The Islamic State does not have the skills required to manage the fields under its occupation — in the oil business it's "upstream" where the Islamic State has its most complex challenges. It probably produces only half the fields' regular output and, given its lack of expertise and know-how it risks seriously damaging in a permanent manner the mature Syrian oil fields, which need qualified personnel because they are in the final part of the production curve. But, if on the one hand, for the Islamic State tapping the resources is not an easy task, on the other hand, the organization has been quite successful in tapping the smuggling network in order to sell its oil. Oil exchanges are done in cash through middlemen with no real bank traceability. Airstrikes are also targeting many Chinese- and Turkish-makeshift refineries (each is able to process around 200 bbl/d of crude oil), which are the tools permitting the jihadis to wage their war. Reports say that the group is selling crude oil and petroleum products (gasoline, diesel fuel and propane) to black market dealers in Syria, Iraq, Turkey and Jordan. Some of the dealers are then reselling petroleum products and crude oil also to the Syrian government.  
Oil resources are showing that the terrorist organizations in Syria are not able to run like "real states" wide expanses of territory where several million people live. The economic model of these terrorist organizations, based on looting crude oil and economic resources, is not sustainable in the long run. If terrorist organizations act like countries they have to provide basic government services, which cost money and require a careful management. Absent a viable economic model, these organizations may become only a sort of failed state (like Somalia).
One final economic consideration about the Islamic State: In no viable and realistic way can the trade of crude oil as wells as refined products on a large scale be based on truck exports. In fact, Syria before the war used three main pipelines in order to move oil from eastern Syria to western Syria where there are the largest cities, the refineries and the export terminals. Moving crude oil and refined products via trucks means that the business is not sound and has a scarce sustainability in the long run. 
Because of the conflict, Syria is in short supply of heating oil and fuel oil for its citizens. At the start of 2013 Iran opened a $3 billion credit with the Central Bank of Syria to cover oil supplies (crude oil and refined products) — this was a part of an overall $7 billion credit. According to Reuters, between February and October 2013, 17 million barrels of crude were shipped to the Baniyas Refinery through tankers from Iran and Iraq via the Sumed Pipeline (Egypt). In 2012, both Iraq and Iran had already agreed to ship fuel oil and liquefied petroleum gas (L.P.G.) to Syria.
In specific, since the beginning of the coalition’s airstrikes on Sept. 23, oil prices have skyrocketed in Syria. The airstrikes against the energy installations are having an impact on the Islamic State but at the same time they have an impact on the Syrian population, which in the last weeks has seen important increases in the price of many primary goods (energy and food). And at the beginning of October, the Syrian government decided to increase the price of oil products (33 percent increase for gas oil and 17 percent increase for gasoline) and to permit the private sector to import various oil derivatives, which the private sector may then resell only to industrial concerns — in practice after many decades state monopoly was over. These two decisions make economic sense because currently neither the Islamic State nor Iran are really able to provide the quantities of energy (both oil and gas) necessary to run a country like Syria — it seems that the government is buying vessels also from other countries. And at the same time, the government is not anymore able to subsidize oil products as it has been doing until recently. 

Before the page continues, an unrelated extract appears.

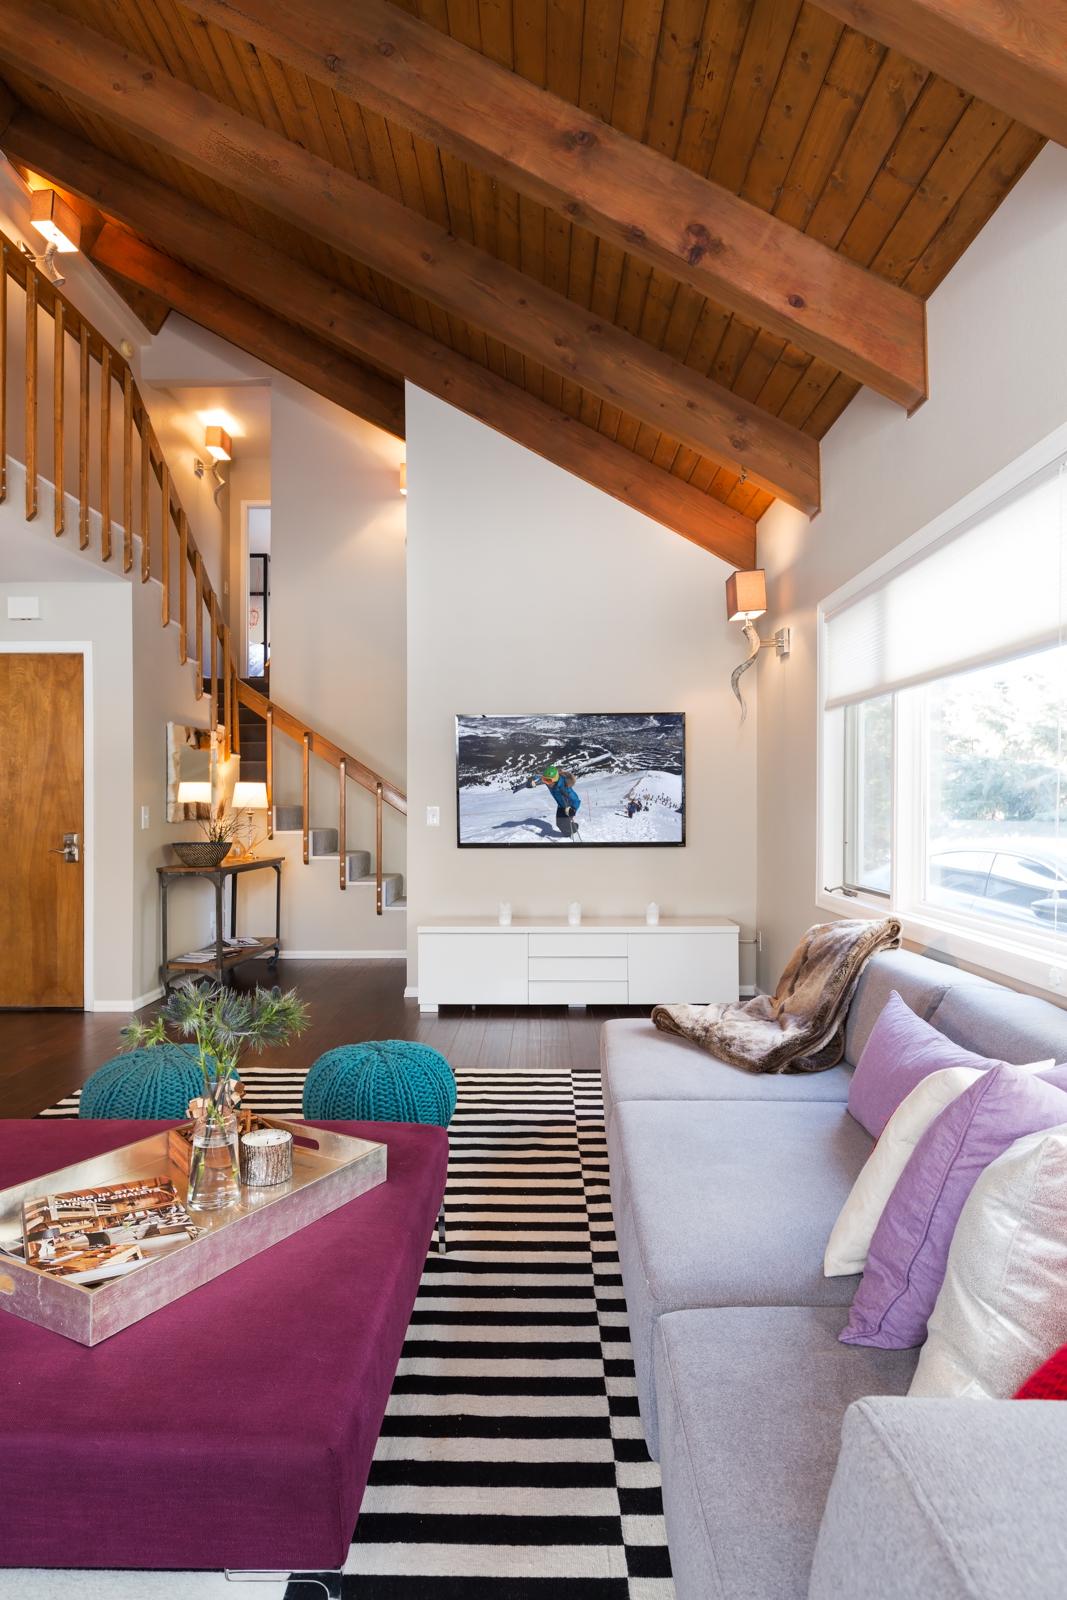 Living_room-4TV-3128704916-O.jpg

CHAPTER II — The Syrian Oil Sector: An Overview
1) Organization of the Sector — The oil and gas sector is under the control of the Ministry of Oil and Gas. National Law No. 7 of 1953 established that petroleum resources found in the subsoil and off the Syrian continental shelf belong to the Syrian state. Later, in 1964, Syria passed Decree 133/22, which limited licenses for exploration and investment to the Syrian government. Petroleum operations within the Syrian territory are authorized according to a form of production sharing agreement (P.S.A.), which is granted by the government to the contractor and the Syrian Petroleum Company (S.P.C.), the state-owned oil company established in 1974. The majority of the country's P.S.A.s are equally split between the S.P.C. and its partners. In general, Syrian P.S.A.s last up to 25 years and permit the government to retain a certain percentage of the oil produced as royalties.  


2) Reserves, Production and Exports — Historically Syria has never been a major player on world oil markets. But at the same time, until the recent discoveries of natural gas in the eastern Mediterranean, Syria has been the only real energy producer in that part of the Middle East that encompasses Lebanon, Palestine, Jordan, Syria and Israel as well.
According to the Oil & Gas Journal, Syria's proved reserves should be 2.5 billion of barrels as of 2010 — among neighboring countries only Iraq (and the Kurdistan Regional Government, the K.R.G.) owns a larger amount of oil reserves.
Before the commencement of the hostilities between the government and the opposition forces, production amounted on average to 400,000 bbl/d. At the world level Syria was ranked 33rd for crude oil production, i.e., in 2011, 0.4 percent of the world's total production. Already this percentage slid to 0.25 percent the following year. This reduction was primarily due to two factors: the civil war and the sanctions imposed by the United States (U.S.) and the European Union (E.U). In February 2014, the Energy Information Administration (E.I.A.) estimated that the overall Syrian crude and condensates production was 25,000 bbl/d, i.e., one-tenth of the pre-war production. This number included also the production from the areas under the control of the factions opposing the government. 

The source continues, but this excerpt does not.